# MOJO GOOSE SPINNER DECOY



## BLTD (Nov 20, 2004)

*WONDERING IF ANYONE HAS HUNTED OVER THIS DECOY YET OR KNOW OF ANYONE THAT HAS ONE. LOOKING TO PURCHASE BUT NEED MORE INO ON THEM FIRST.*


----------



## win4win (Sep 8, 2003)

They do a great job of keeping the geese away. Get a flag....you'd be much better off.


----------



## Matt Jones (Mar 6, 2002)

They're completely worthless.


----------



## turkishgold11 (Oct 25, 2004)

Totally agree with the other posts the are a waste on hard earned money!!!

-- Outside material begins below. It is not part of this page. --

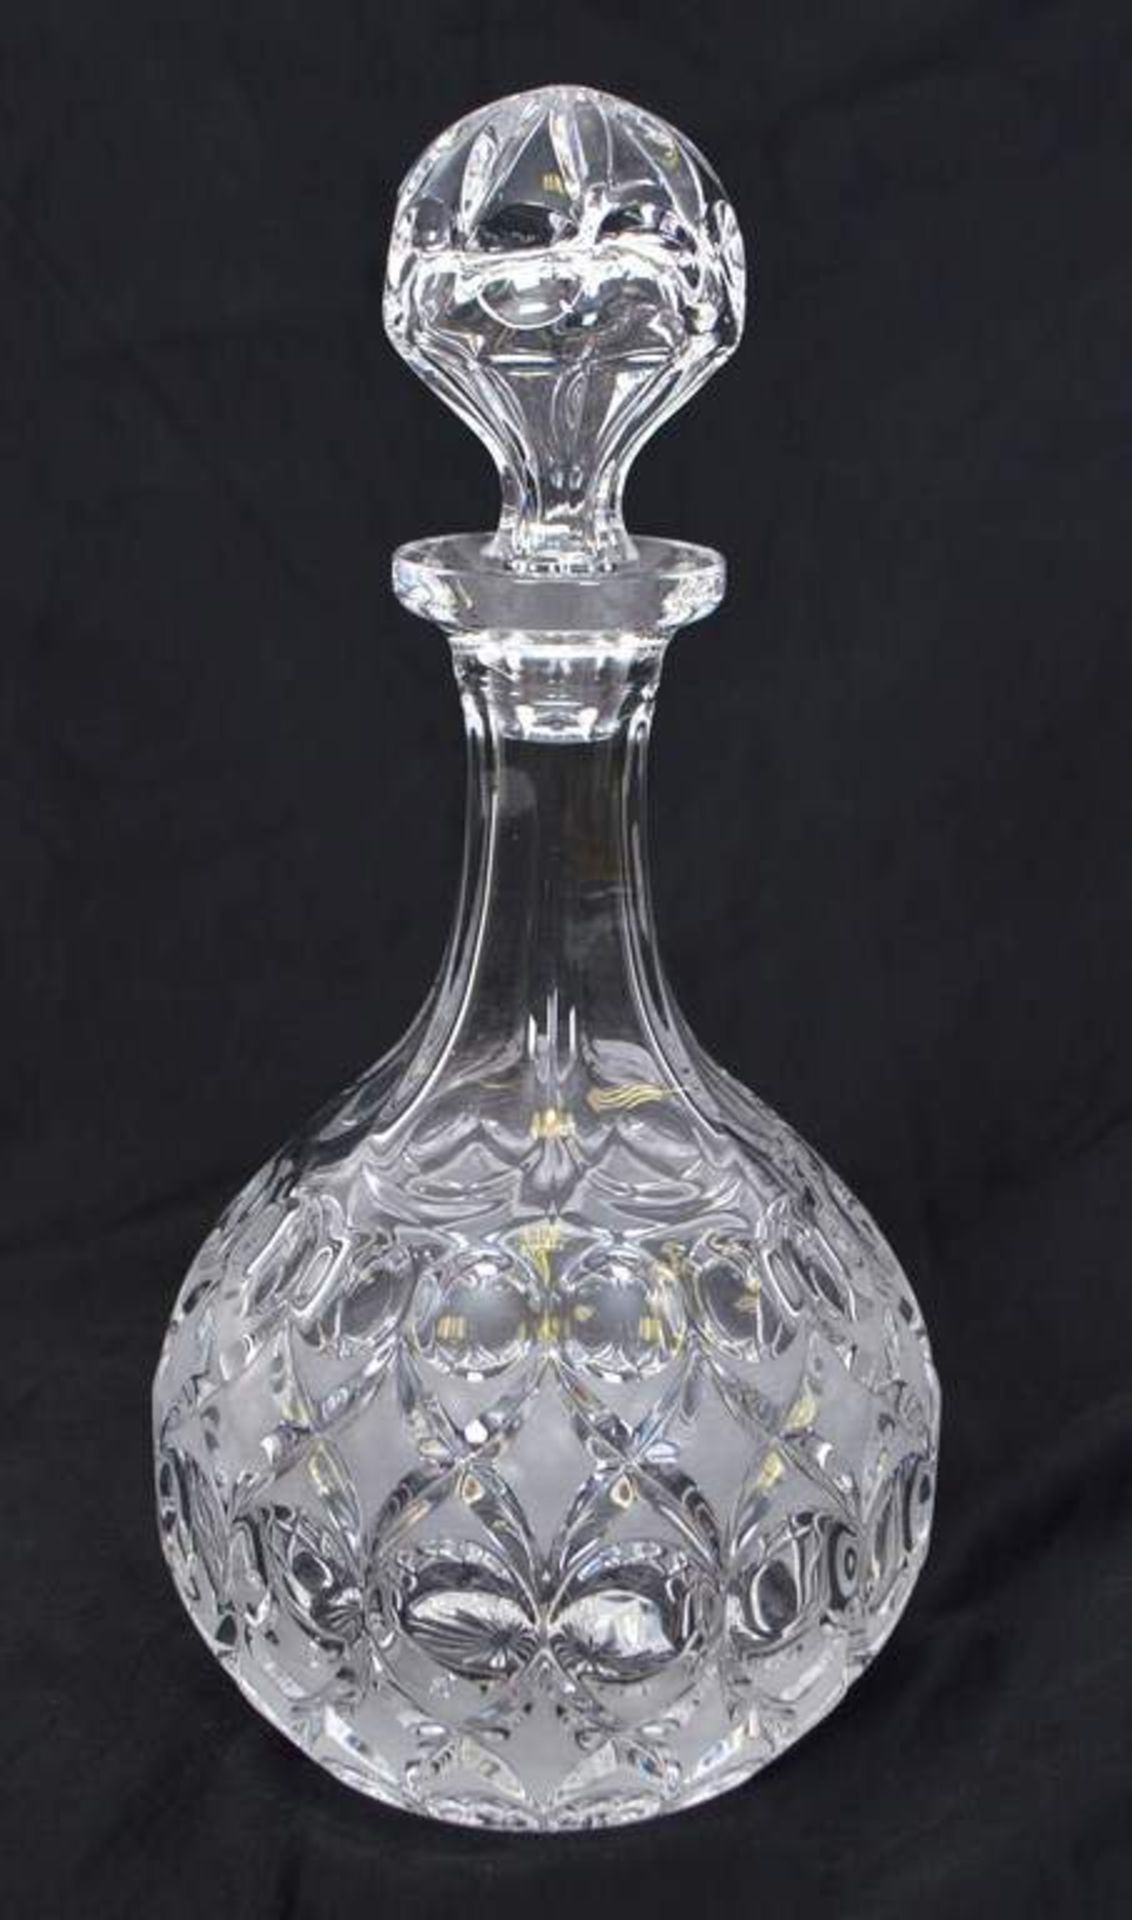 Karaffe farbl. Kristallglas, geschliffen verziert, gebaucht, H 29 cm

!! Cupped Wings and Blue Skies !! :thumb:


----------



## Anas Strepera (Nov 10, 2004)

I saw the one they had displayed at cabelas and it looked like junk. The wings moved too fast and it was really expensive. I wouldn't buy one. :run:


----------



## BLTD (Nov 20, 2004)

thanks for your input.......very helpful


----------



## Gary Bottger (Nov 24, 2004)

Thanks for the info. Better get that off my x-mass list.


----------



## Ryan_Todd (Apr 11, 2004)

totally agree. get some flags


----------



## mallardhunter (May 15, 2004)

> totally agree. get some flags


 :withstupid:


----------



## BLTD (Nov 20, 2004)

what are flags? im new to duck/goose hunting so bare with me.


----------



## Gary Bottger (Nov 24, 2004)

http://www.store.nodakoutdoors.com/prod ... ducts_id/9


----------



## BLTD (Nov 20, 2004)

how well do the flags work from water?....picture of product shows field hunt. any other products as far as decoys go for water hunt


----------



## destoned (Nov 13, 2004)

I must mention that I don't own an original mojo, but a home made version of the mojo and must say it worked great. The way we use it however is we connected it to a 12volt drill cut off at the top of the handle, we then have a wire going to our home made mojo about 5 feet from our blind. When we click the switch on the drill handle our home made mojo wings do 1 or 2 rotations. The weight of the wings brings them back to normal position once we let go of the switch. I must share with you that this made a big change in our success. We even pull down flocks of snows with only canada geese decoys. Many canadas land right in without circling the decoys. I don't know if the original mojo keeps turning it wings (maybe that why hunters say it's not worth it)but I know my home made mojo named Willy does miracles for us. If you would like to see pics let me know.


----------



## turkishgold11 (Oct 25, 2004)

Waste of time and money!!

!! Cupped Wings and Blue Skies !! :thumb:


----------



## destoned (Nov 13, 2004)

Just wondering, what is you goose hunting daily limit in your area and where do you hunt ?


----------